The Middle East Council of Churches (MECC) issued a statement, from their emergency meeting convened Feb. 6, “We urge the immediate lifting of sanctions on Syria and allowing access to all materials, so sanctions may not turn into a crime against humanity.” Further, they “called on the international community and the international Ecumenical family to provide urgent emergency aid to the region, in coordination with the Middle East Council of Churches, the Churches, and their affiliated institutions.” The MECC, founded in 1974, is headquartered in Beirut, Lebanon, and includes the Eastern Orthodox Churches, the Oriental Orthodox Churches, the Evangelical Churches, and the Catholic Churches of the region.

The MECC statement reported that, “despite their limited resources as a result of the blockade, all the Churches in the Middle East have put their resources at the disposal of the affected and displaced people due to the earthquake, since the first moments of the disaster.” The Churches “will spare no effort in doing all they can to relieve their pain and lead them towards prosperity and progress.” The statement stressed that the Churches in the Middle East “always support their people.”

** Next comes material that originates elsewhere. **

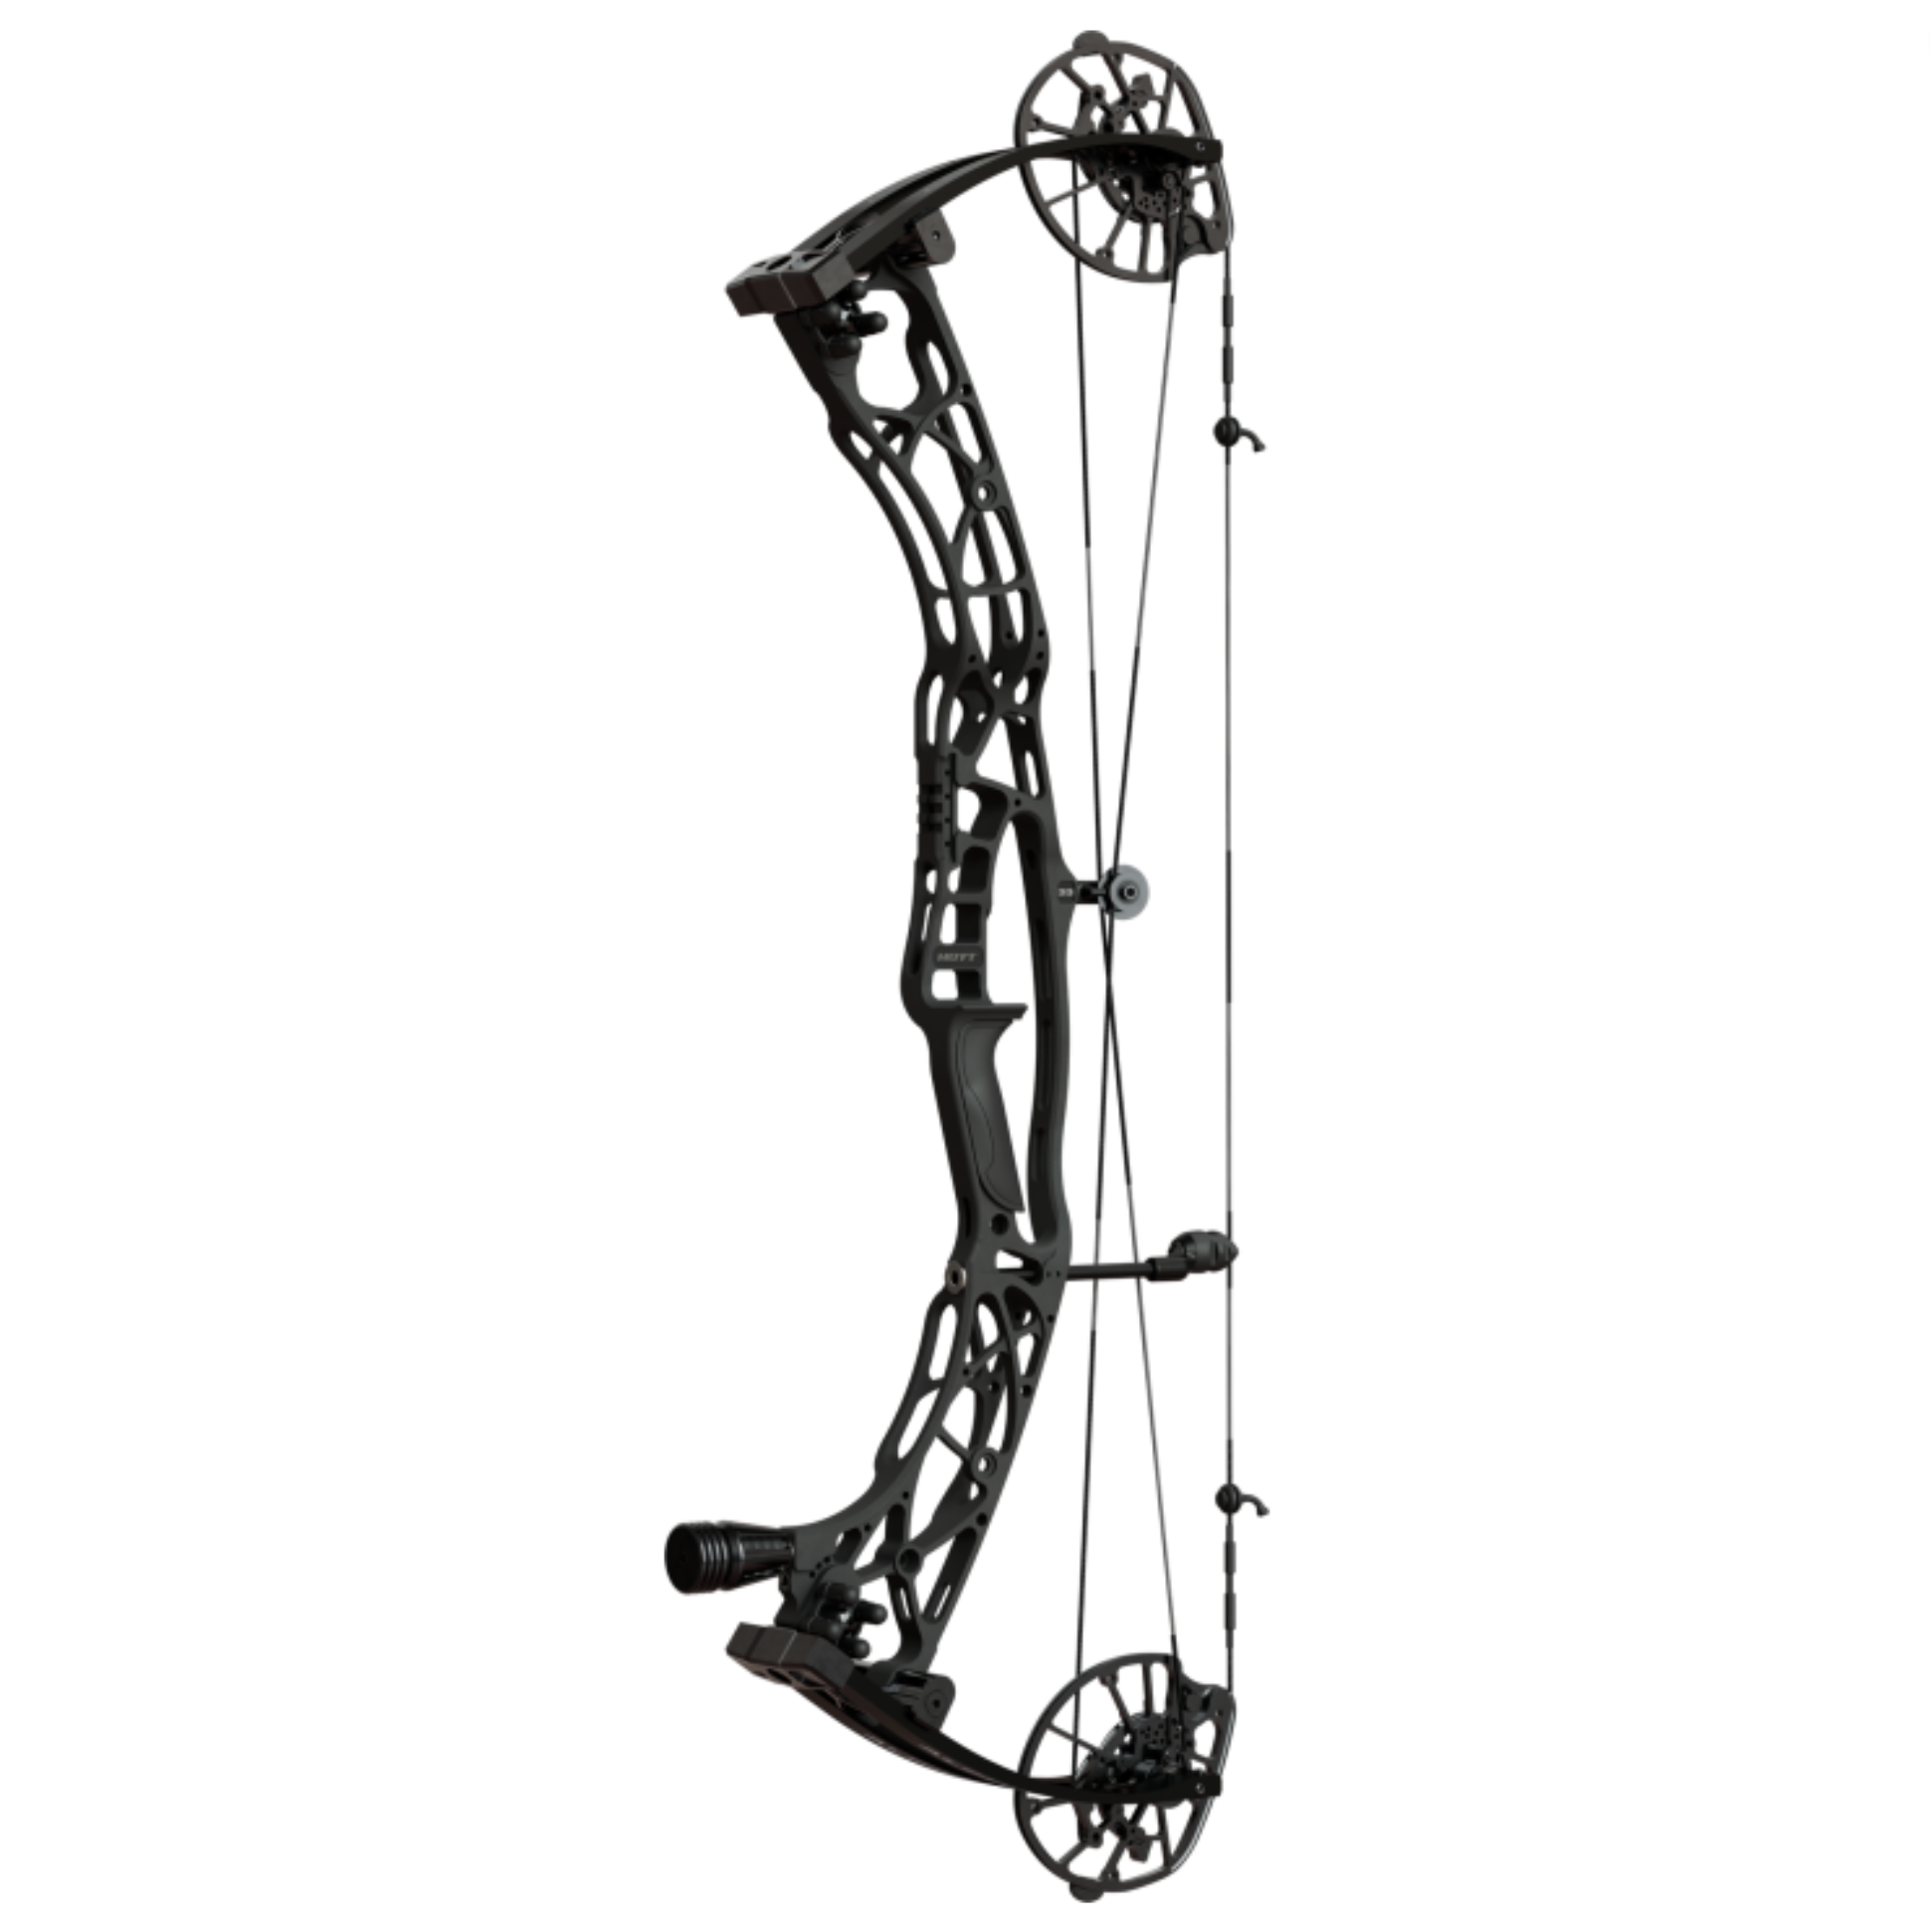 Hoyt Alpha X 33 Compound Hunting Bow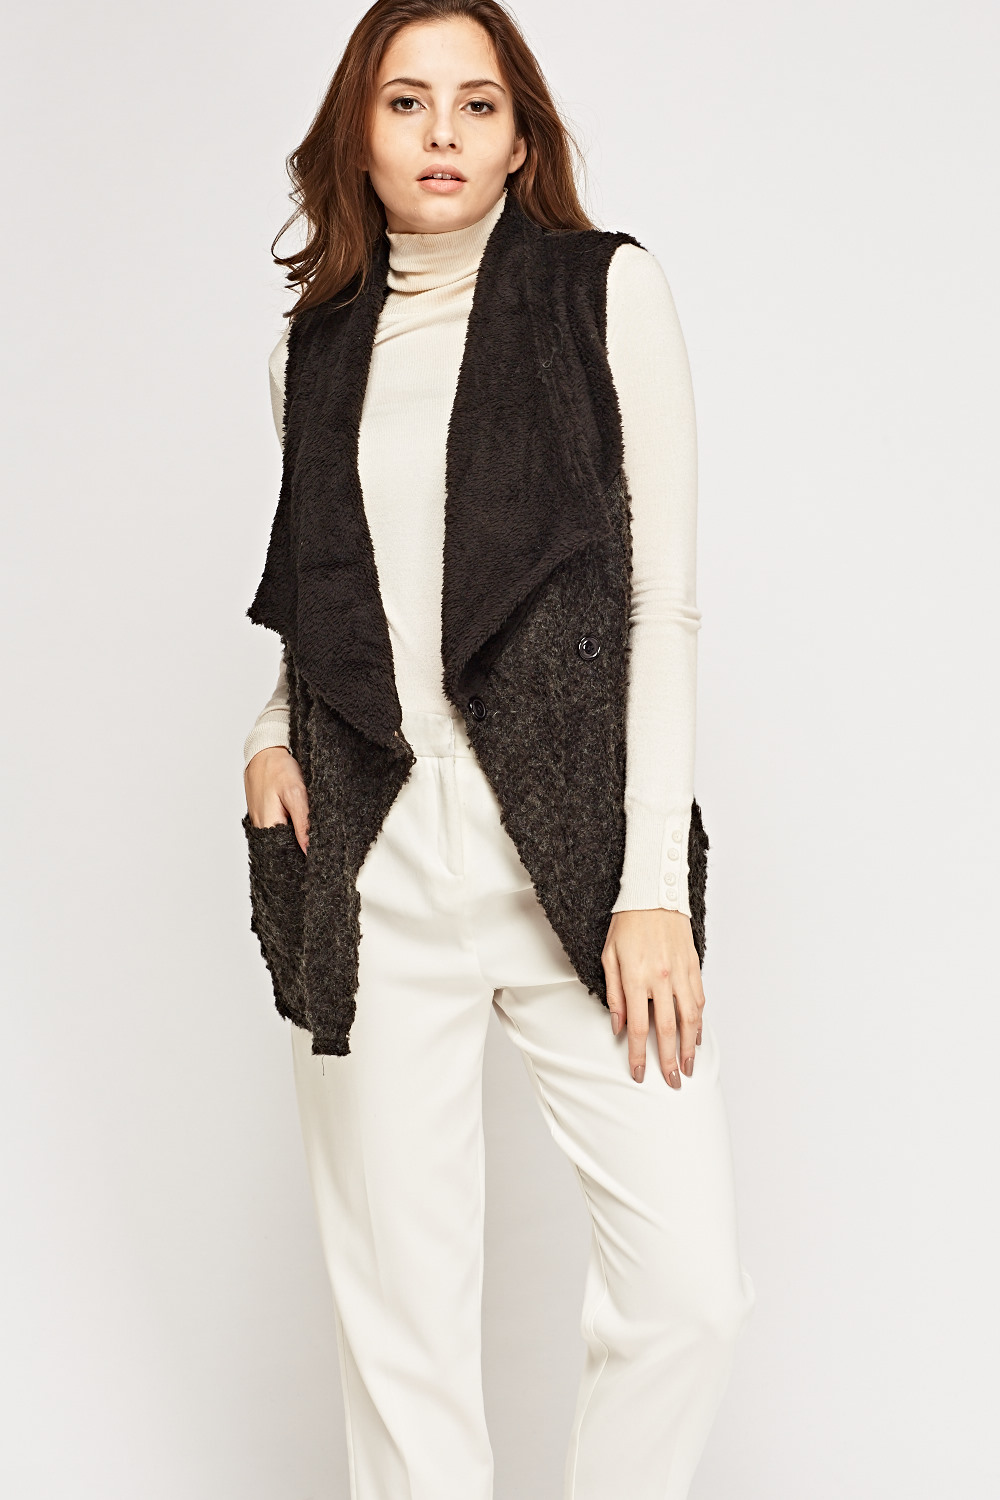 Contrast Knitted Sleeveless Cardigan - Just $7

The Sant’Egidio Community, an association of fraternal communities in many nations, issued a release Feb. 7, stating, “The ruinous earthquake that has destroyed an entire region on the Turkish-Syrian border is claiming thousands of victims, whose count continues to grow.” The war-torn country of Syria is said to suffer more because of “the international sanctions affecting the country. We believe it is time to suspend the sanctions to allow relief to arrive copiously and as quickly as possible to help the people exhausted by war and earthquake.” The Sant’Egidio Community, founded in 1968, is headquartered in Rome, and often used by the Vatican for informal diplomacy.

Italian Defense Minister Guido Crosetto tweeted out within two days of the earthquake, that human lives come before sanctions. “The earthquake hit two nations and both should be helped, with equal determination. Humanity in the face of tragedy does not stop at state borders, does not judge and must override everything, even sanctions.”

President of the Syrian Arab Red Crescent Society (SARC), Khaled Hboubati, condemned the sanctions and said on Feb. 7: “We demand the lifting of economic sanctions and the siege in order…to allow aid deliveries and humanitarian actions to be implemented by SARC and other bodies.” “These sanctions are against who?” he demanded to know. “Against the Syrian people?”

Cardinal Matteo Maria Zuppi, President of the Italian Bishops Conference, issued a call for “suspending or revoking” sanctions on Syria.

Mick Wallace, Member of the European Parliament (Ireland South), tweeted Feb. 7 that if the European Union really cared about the earthquake victims, “Could they show it by ending their illegal sanctions on Syria which have killed so many innocent people?”

China’s Foreign Ministry Spokesperson, Mao Ning, stated at the Feb. 8 Ministry press briefing, “In the wake of the catastrophe, the U.S. should put aside geopolitical obsessions and immediately lift the unilateral sanctions on Syria, to unlock the doors for humanitarian aid to Syria.”